Размышляя о том, почему мы даже после того, как получили нашу независимость в 1991 году, так не хотели видеть эту часть нашей истории, следует прежде всего говорить о том, что это было строго запрещенное знание. Советские власти до своих последних дней делали все для того, чтобы блокировать эту информацию. Для людей, которые решались ее распространять, все заканчивалось уголовной ответственностью за клевету, за осквернение советской власти — вплоть до поздних 80-х, когда провозглашенные из Москвы перестройка и гласность получили соответствующий размах. То есть люди, носившие в себе это знание, преимущественно делились им только в кругу самых близких.
В окрестностях Демьянова лаза [урочище возле Ивано-Франковска, место массовых расстрелов узников из тюрьмы НКВД в 1939—1941 годах] жили люди, которые были свидетелями этих преступлений, но и в течение 50-х они молчали, и в 60-е, и в 70-е. О Голодоморе, совершенном в 1932—1933 годах, массово заговорили только тогда, когда за это перестали уголовно преследовать. И это свидетельствует о том, что тоталитарная советская машина, репрессивная машина тщательно следила и заботилась о том, чтобы ее преступления оставались вытеснены в память.

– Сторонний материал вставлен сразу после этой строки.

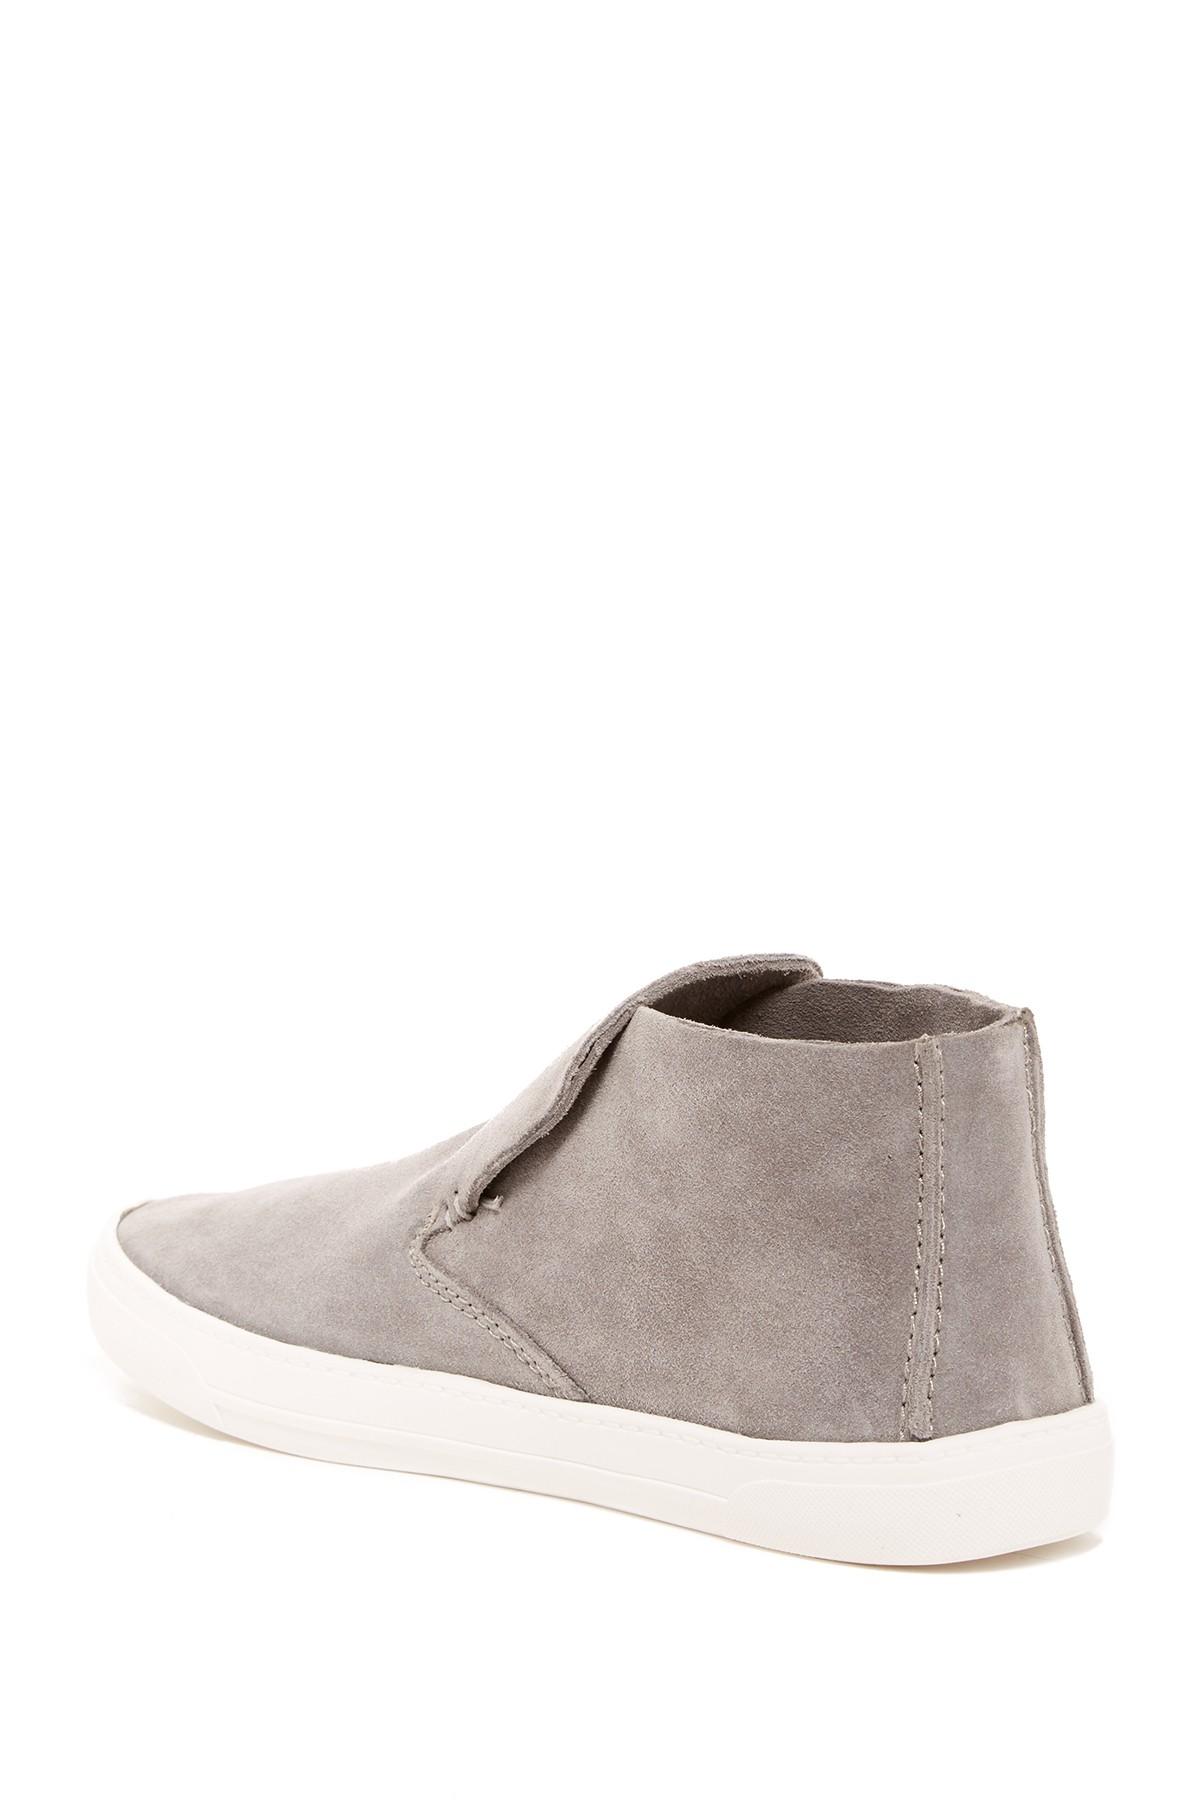 Dolce Vita Xavier Slip-on Sneaker in Gray | Lyst
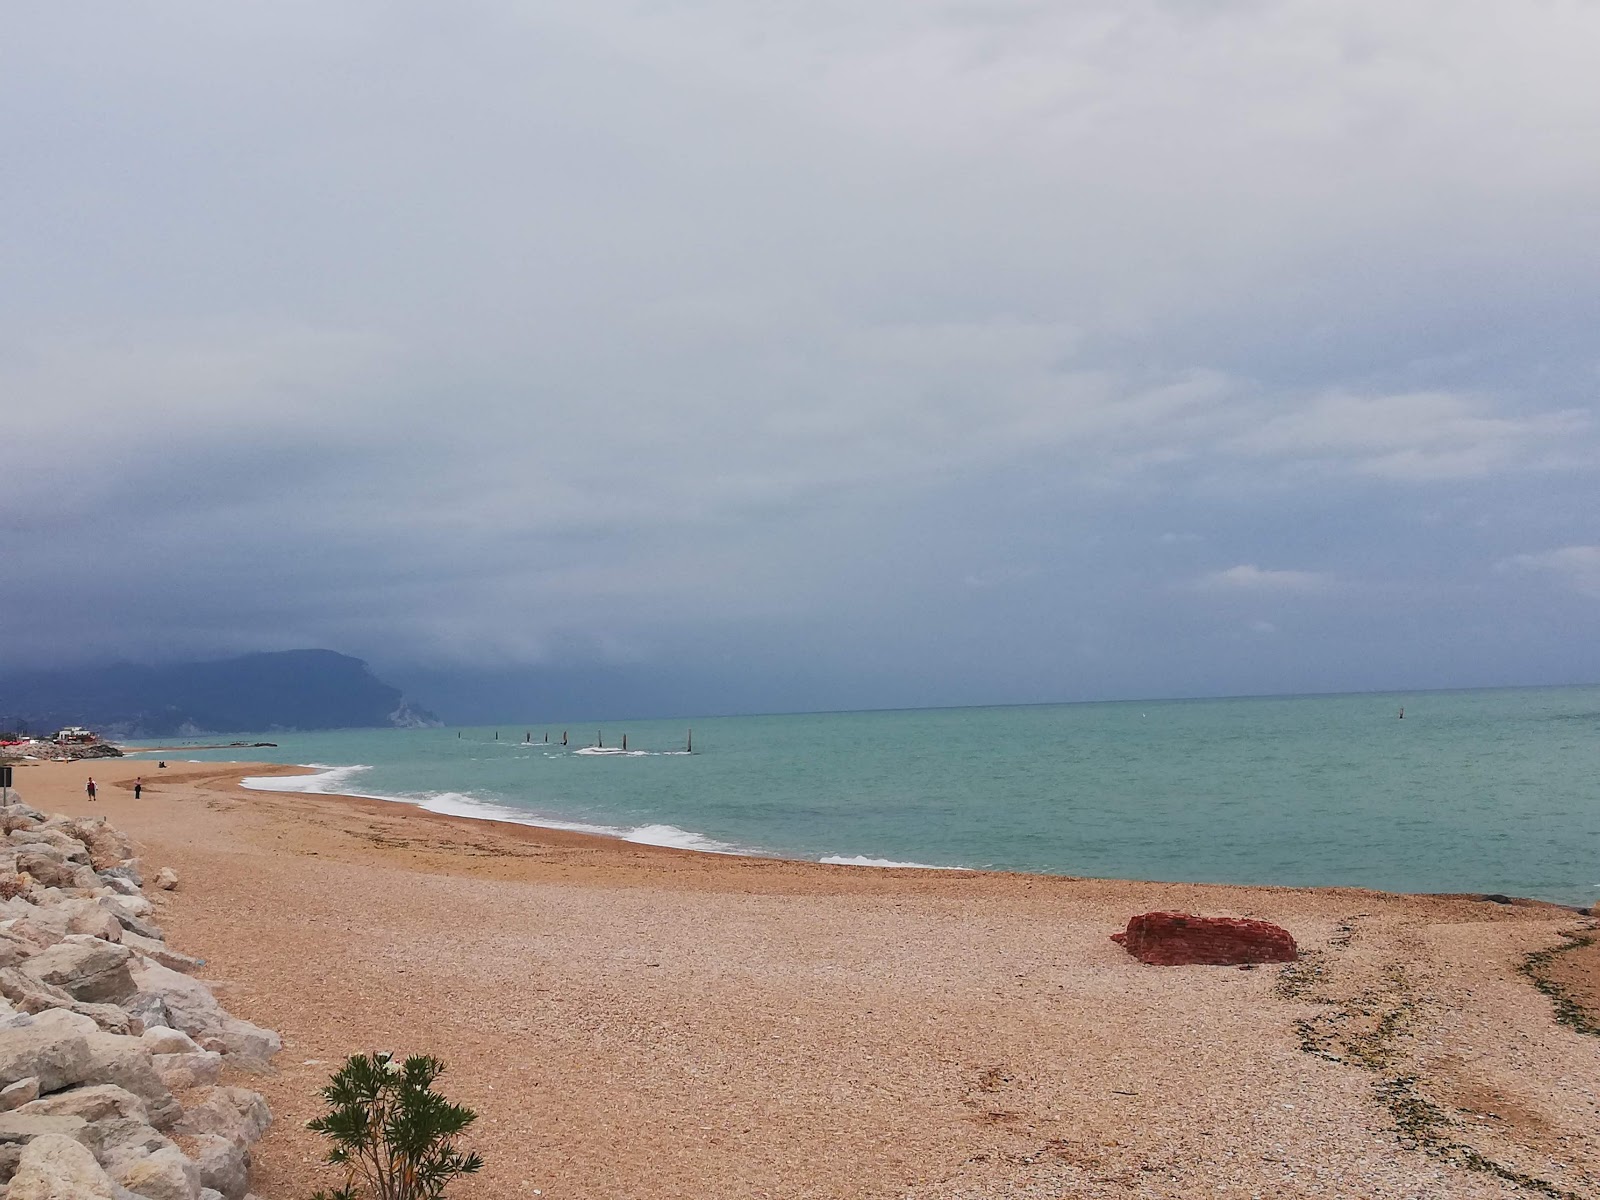 Foto de Spiaggia della Montecatini con playa amplia

Московия всегда возвращается к культуре массовых преступлений
Вместе с тем, в последние годы существования СССР у нас, украинцев, фактически, не было каких-то особых оснований бояться московитской агрессии. Московия демонстрировала устойчивую тенденцию к тому, что она становится демократической и будет еще демократичнее Украины. Ранние 90-е прошли под знаком положительного отношения к происходящему в Москве, как там реформируют страну, как Московия времен Ельцина демонстрирует свою прозападность, свое желание стать частью демократического цивилизованного мира, — и ей это даже вроде бы удается гораздо лучше, чем посткоммунистической Украине с ее тогдашним президентом-партократом. Это, безусловно, усыпило. В нашем обществе не возникало впечатления, что на самом деле Московия обязательно будет идти на нас войной. Эта война, которая должна была бы разразиться вместе с распадом СССР, то есть в 1991 году, была отложена на десятилетия, и вот, собственно говоря, это произошло. Но, тогда, в то время мы этого не видели.
Первым тревожным сигналом был довольно большой электоральный успех Жириновского в 1993 году. Думаю, что секретом этой победы — то есть никаким не секретом на самом деле — был его агрессивный, милитаристский тон, которым он очень контрастировал с тогдашней партией власти в Московии. Но мы опять же думали: «Господи, ну это такой вот урод, сигнализирующий о том, что в Московии есть экстремисты, но мейнстрим у них нормальный и все будет хорошо».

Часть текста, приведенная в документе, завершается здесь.